**Data block**:

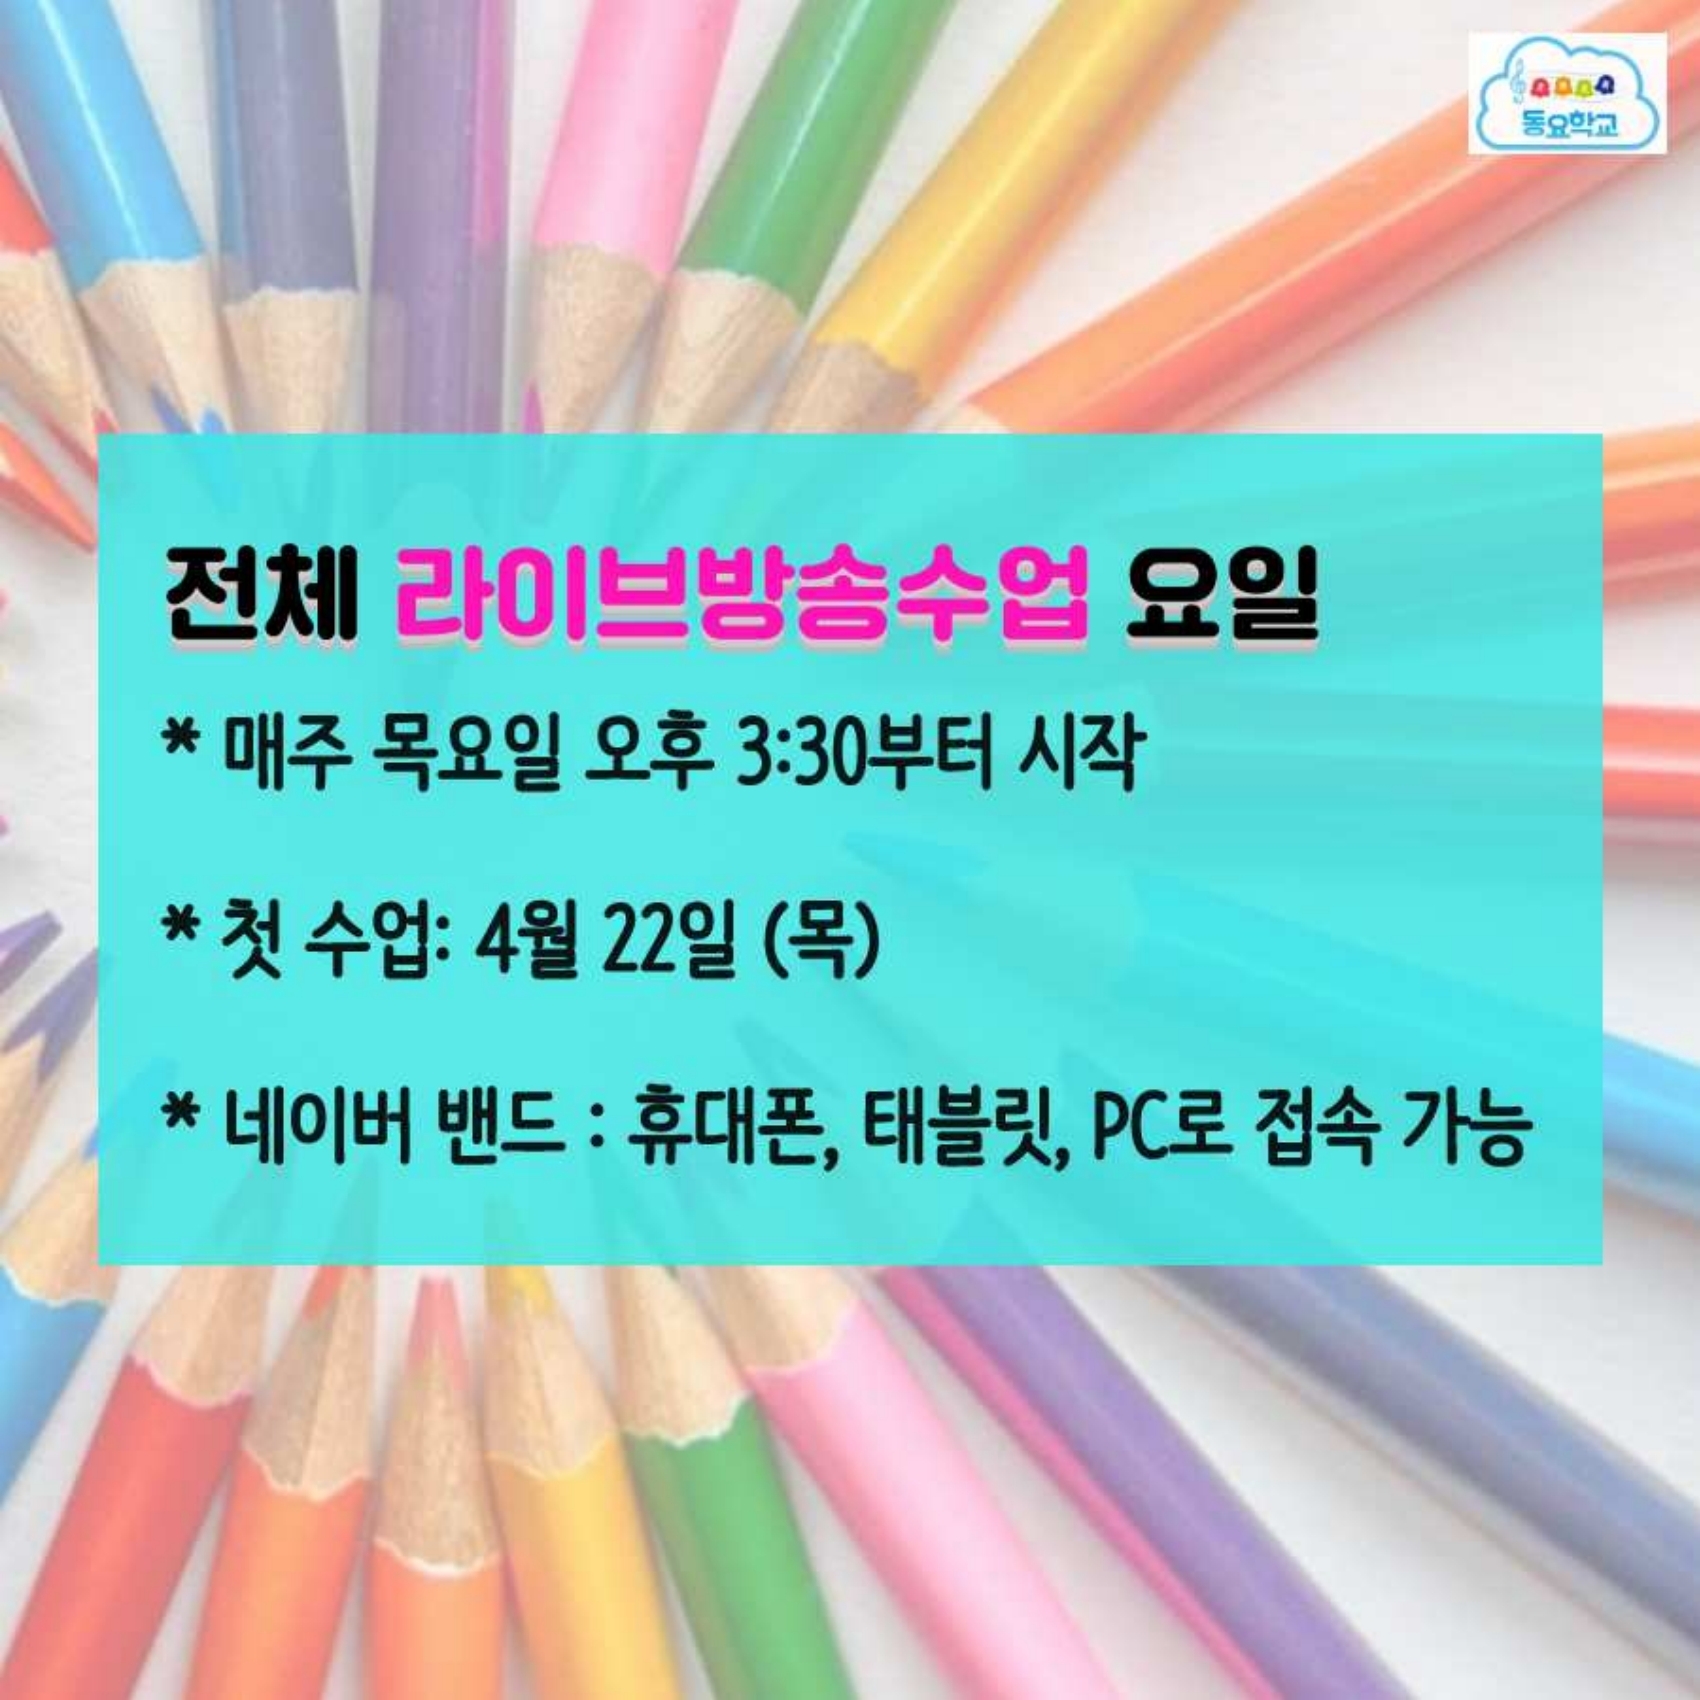 초롱초롱동요학교 2021 신입생 모집 설명 카드뉴스(저용량).pdf_page_06
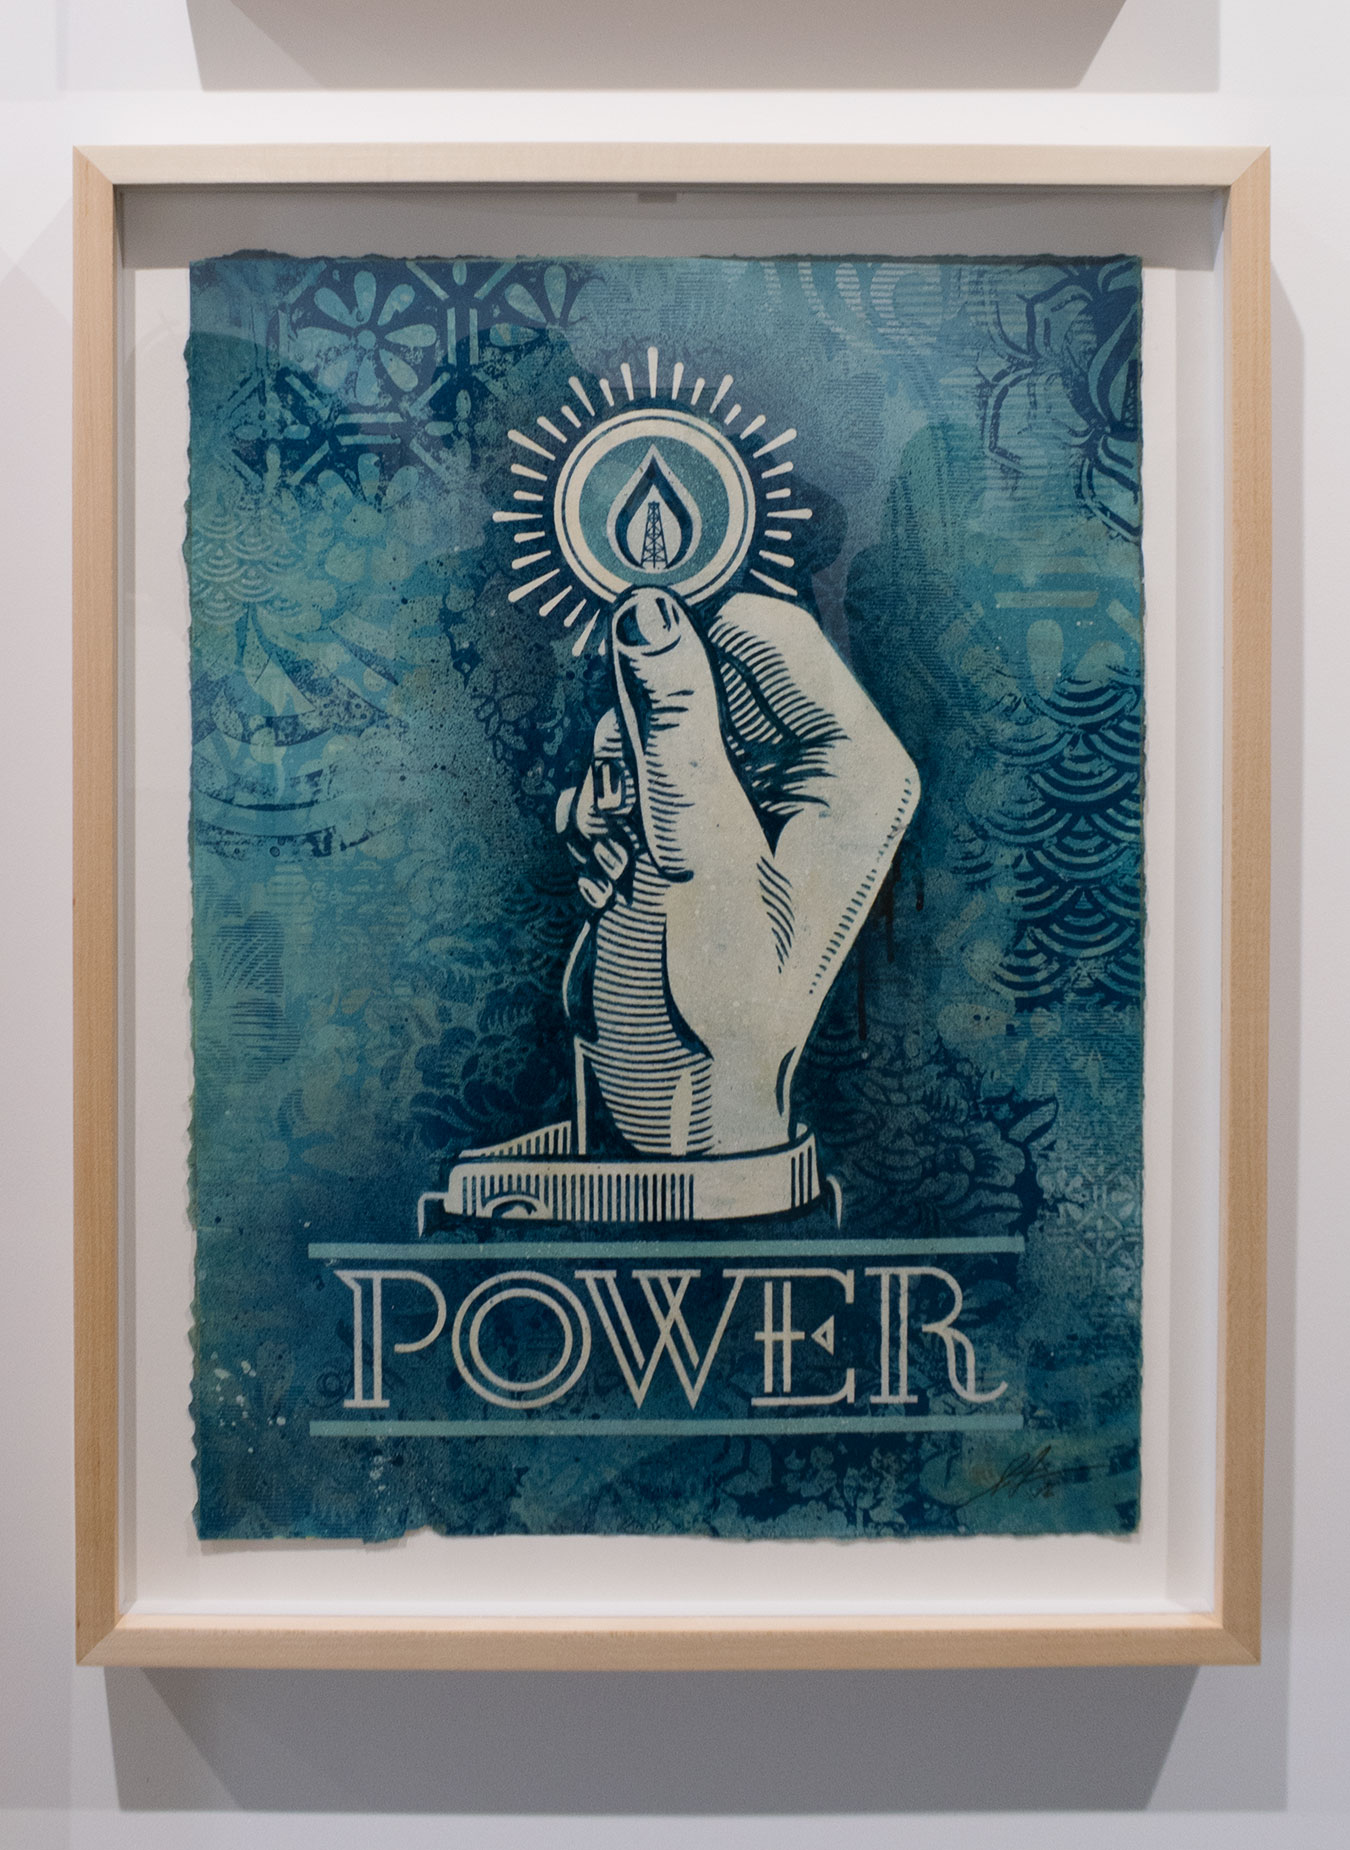 Power Bidder / Earth Crisis Exhibition / Shepard Fairey 2016
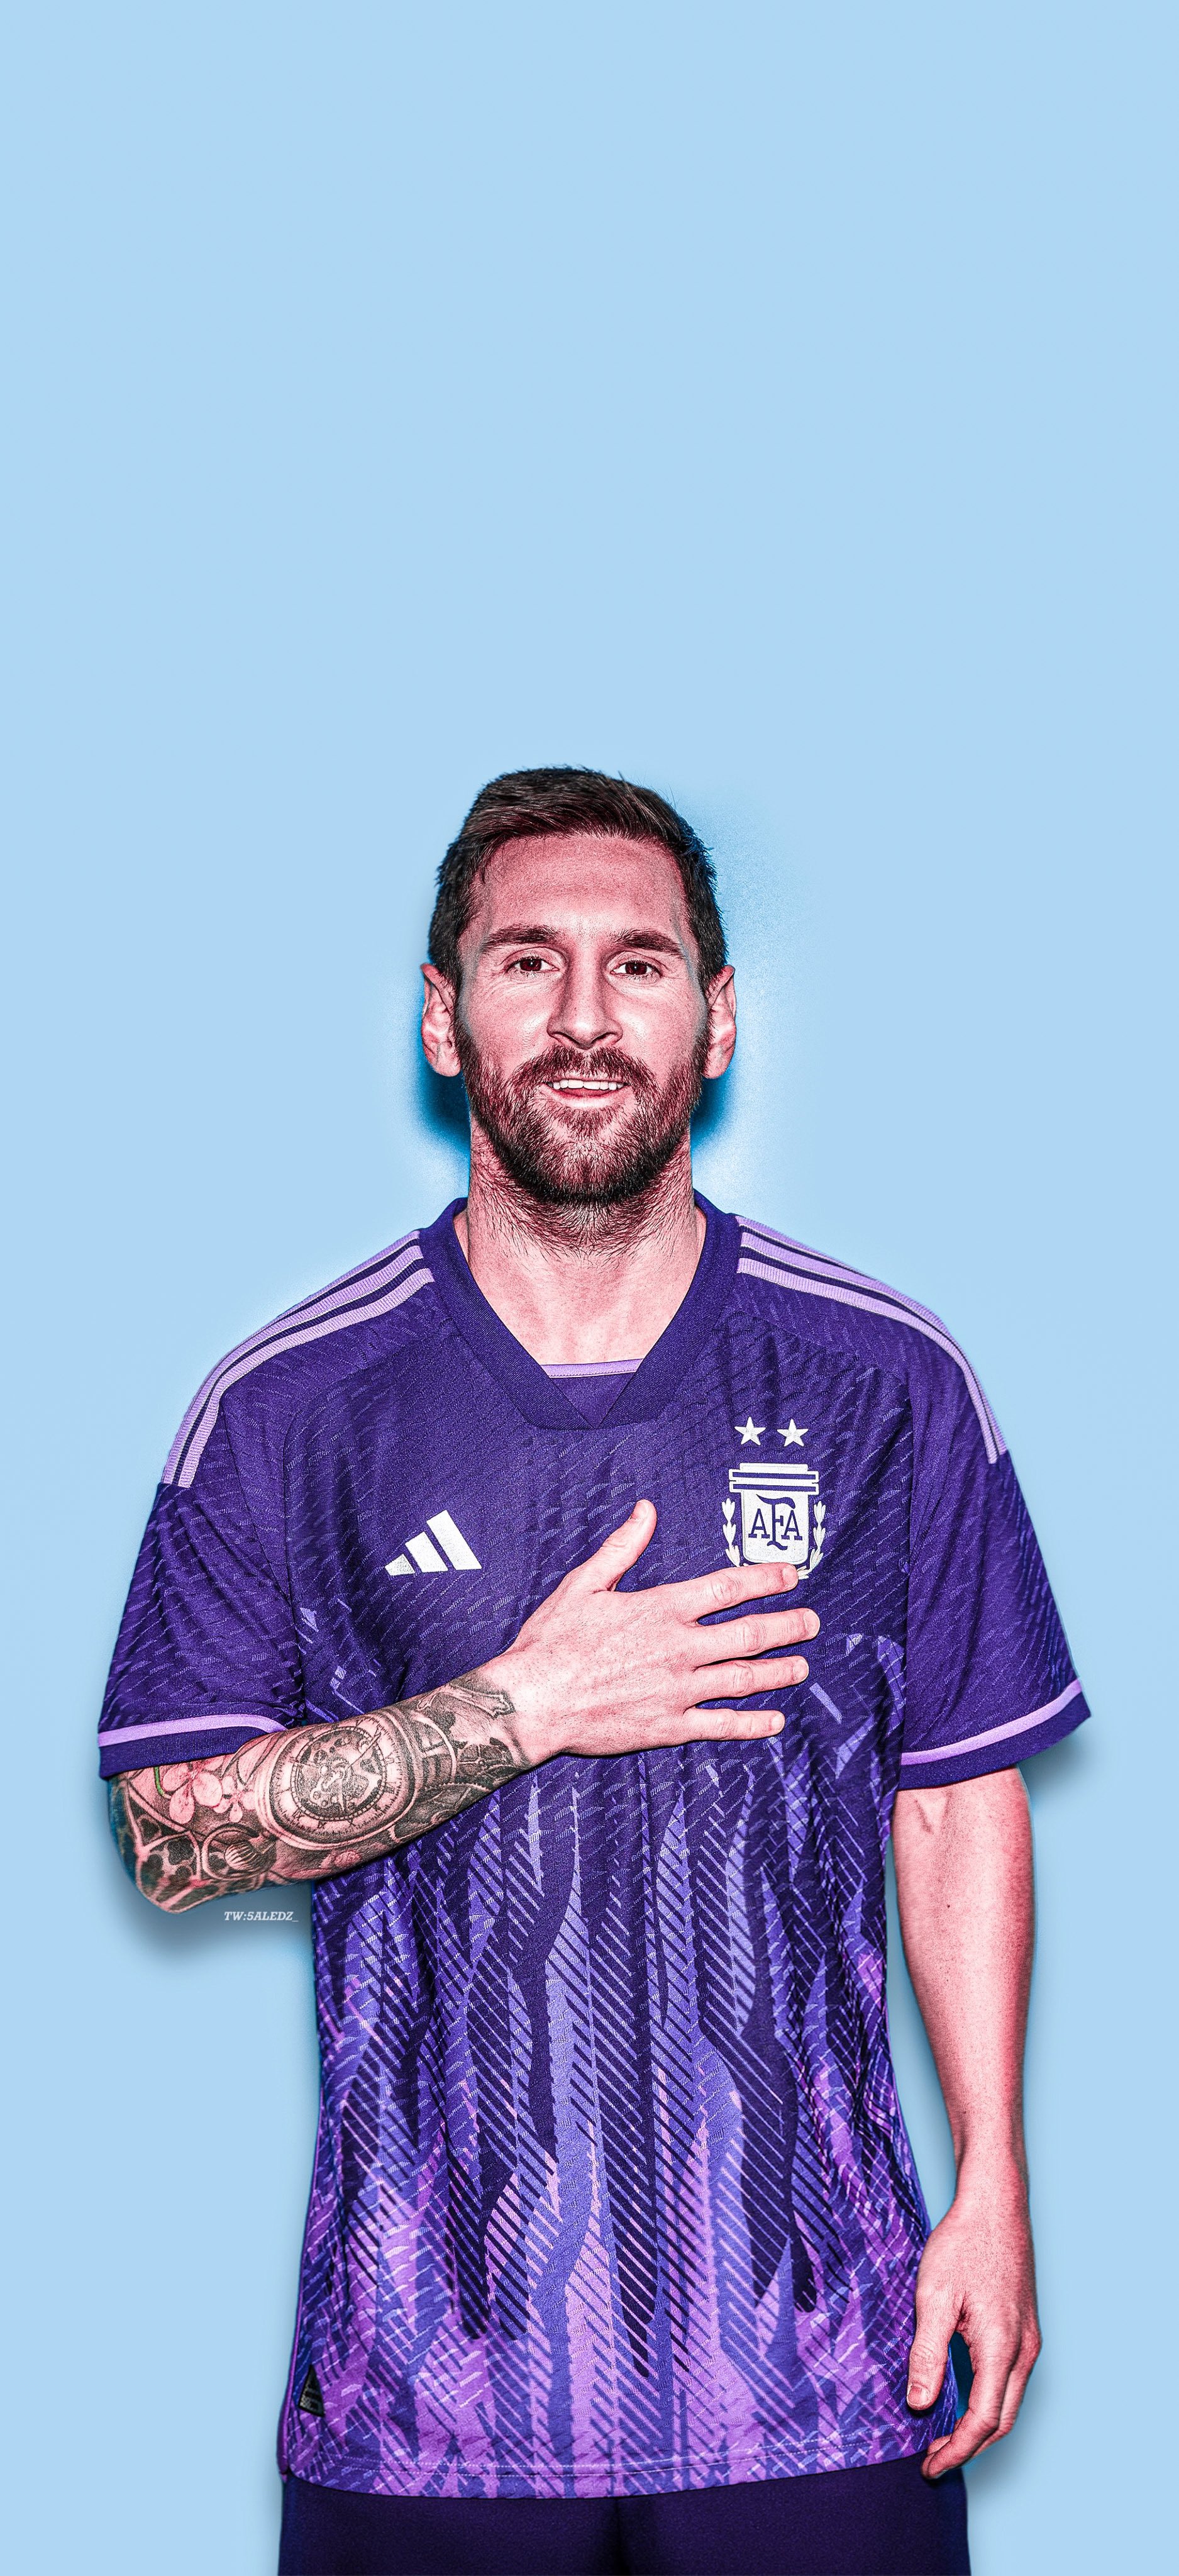 Lionel Messi: Hãy thưởng thức hình ảnh của ngôi sao bóng đá Lionel Messi, người được coi là một trong những cầu thủ xuất sắc nhất thế giới. Xem những hình ảnh của anh ta trên sân cỏ sẽ khiến bạn cảm thấy kích thích và nỗ lực hơn trong cuộc sống.

**Work required**: Could you output the listing word for word, omitting every picture?

**Output for this task**:
 초롱초롱동요학교 2021 신입생 모집 설명 카드뉴스(저용량).pdf_page_06
 Power Bidder / Earth Crisis Exhibition / Shepard Fairey 2016
 Lionel Messi: Hãy thưởng thức hình ảnh của ngôi sao bóng đá Lionel Messi, người được coi là một trong những cầu thủ xuất sắc nhất thế giới. Xem những hình ảnh của anh ta trên sân cỏ sẽ khiến bạn cảm thấy kích thích và nỗ lực hơn trong cuộc sống.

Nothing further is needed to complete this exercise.